Le modèle qui illustre sa couverture est une femme qui m’a durablement impressionné il y a plus de 30 ans. Elle est d’abord apparue dans l’édition américaine de « Playboy » avant de poser pour Newton pour sa série « Big Nudes », utilisée ici.
Pendant une période d’un peu plus de 10 ans, de 13 à 25 ans, j’ai été un fan assidu de « Playboy ». D’abord à travers les exemplaires que mon père collectionnait et que je consultais en cachette. Puis de façon autonome, dès que j’ai eu l’âge de les acheter.
La découverte de cette vitrine de magasin a provoqué chez moi un élan nostalgique qui m’a donné envie de retrouver certaines de ces femmes désirées il y a tant d’années. Mais comment faire?
J’ai alors repensé à l’une d'elles : Susan Lynn Kiger, Playmate de Janvier 1977.
J’ai retrouvé des photos d’elle sur internet et c’était comme si je repèrenais contact avec une vieille amie. Elle n’a pas changé. Toujours aussi sportive, gracieuse, provocante.

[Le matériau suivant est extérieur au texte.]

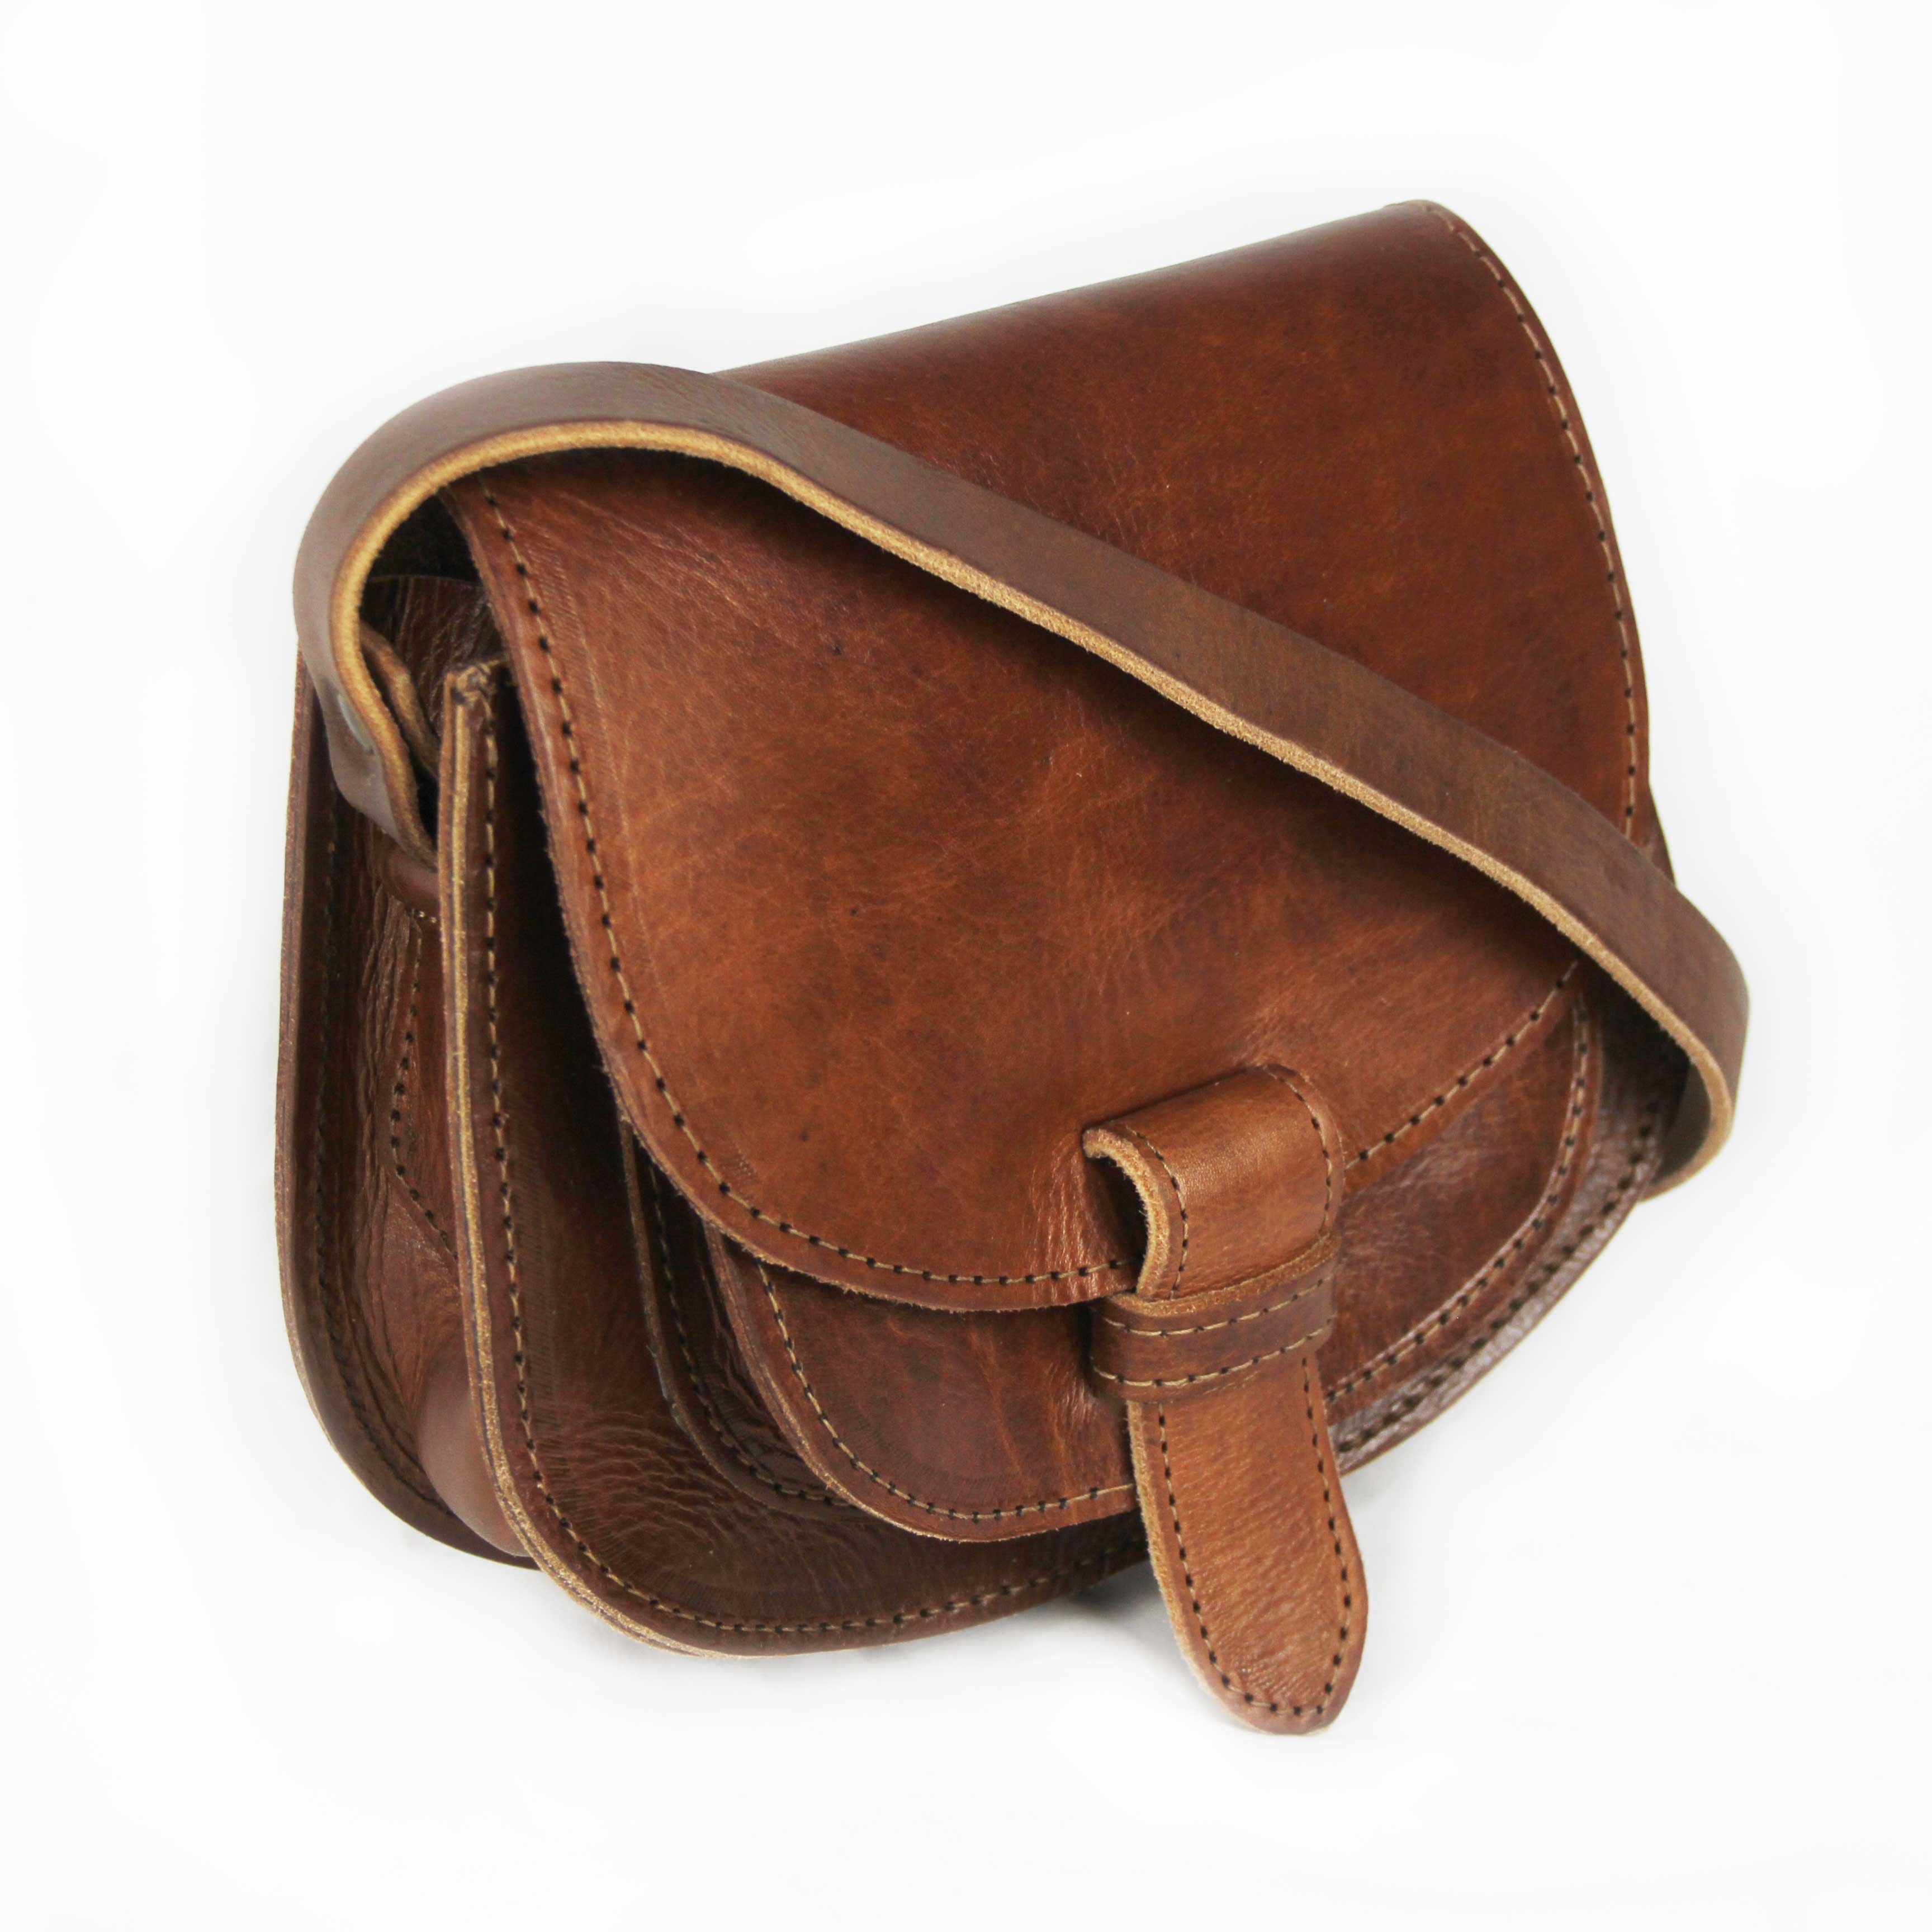 Maya Light Brown Leather Saddle Bag

Elle fait toujours du ski. Elle séjourne toujours dans le même chalet où elle aime à se prélasser langoureusement au coin du feu. Elle porte toujours les même bottines invraisemblables en laine tricotée blanche, qu’elle lace et délace sans fin.

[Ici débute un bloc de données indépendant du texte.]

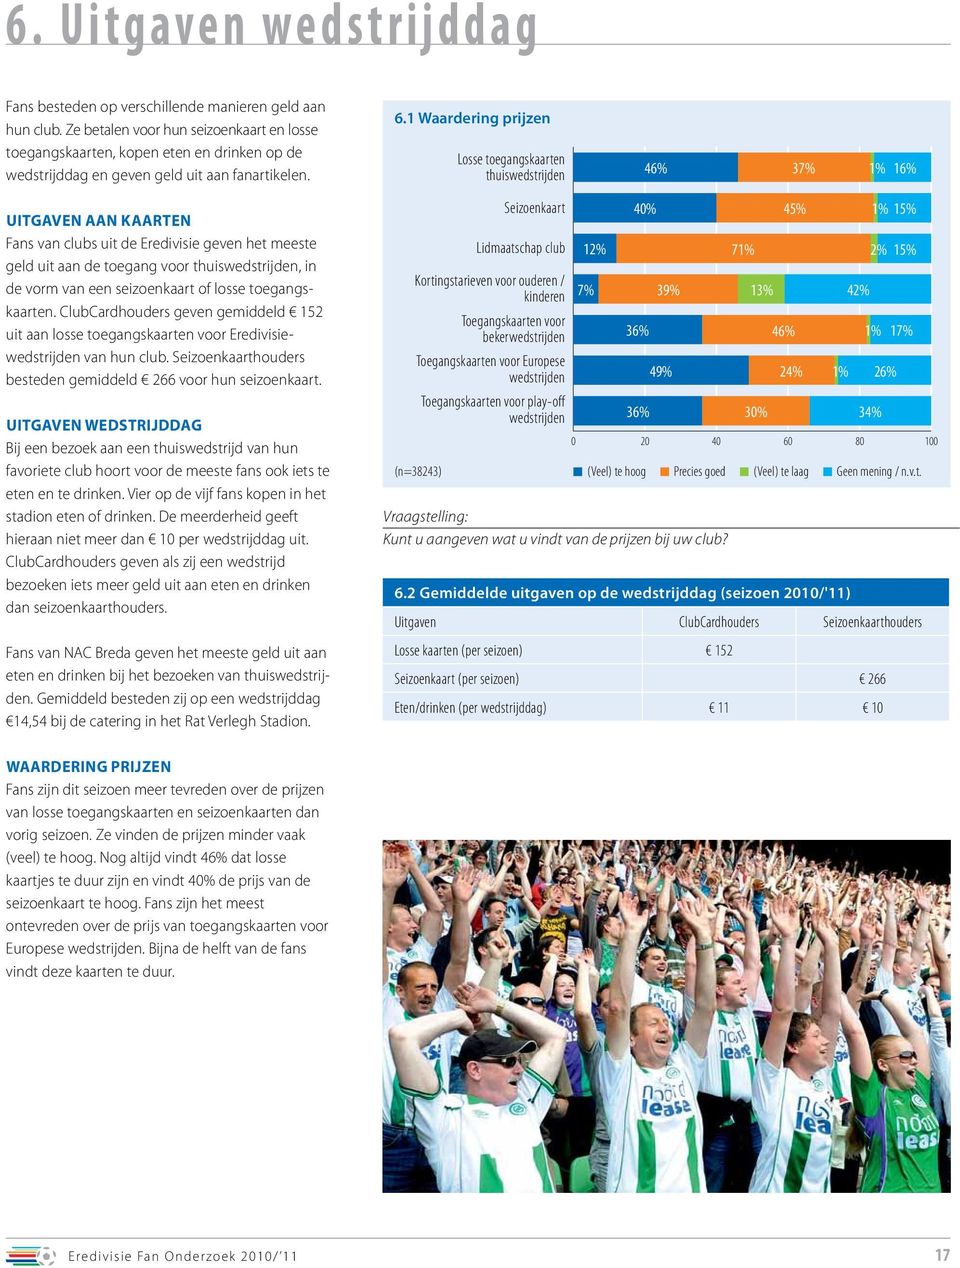 1 Waardering prijzen Losse toegangskaarten thuiswedstrijden 46% 37% 1% 16% Uitgaven aan kaarten Fans van clubs uit de Eredivisie geven het meeste geld uit aan de toegang voor thuiswedstrijden, in de

Seule sa coiffure me surprend à présent, tellement elle évoque avec le recul celle de Farrah Fawcett à la même époque !
Susan Lynn Kiger. Soupirs…. Tout une époque.
Et tout un univers de désirs et de tourments intimes retrouvés.
Et le modèle de Helmut Newton ? Je n'ai eu aucune difficulté à évoquer aujourd'hui son noble pedigree : Henriette Allais , Playmate du mois de mars 1980.
Ces dernières années, j’ai du mal à me rappeler où je laisse des objets, j’oublie le code d'entrée de mon immeuble, et je suis parfois incapable de me souvenir du nom de personnes de mon entourage.
Mais les alias portés par deux images de papier sur lesquelles je me suis satisfait il y a trois décennies sont gravés à jamais.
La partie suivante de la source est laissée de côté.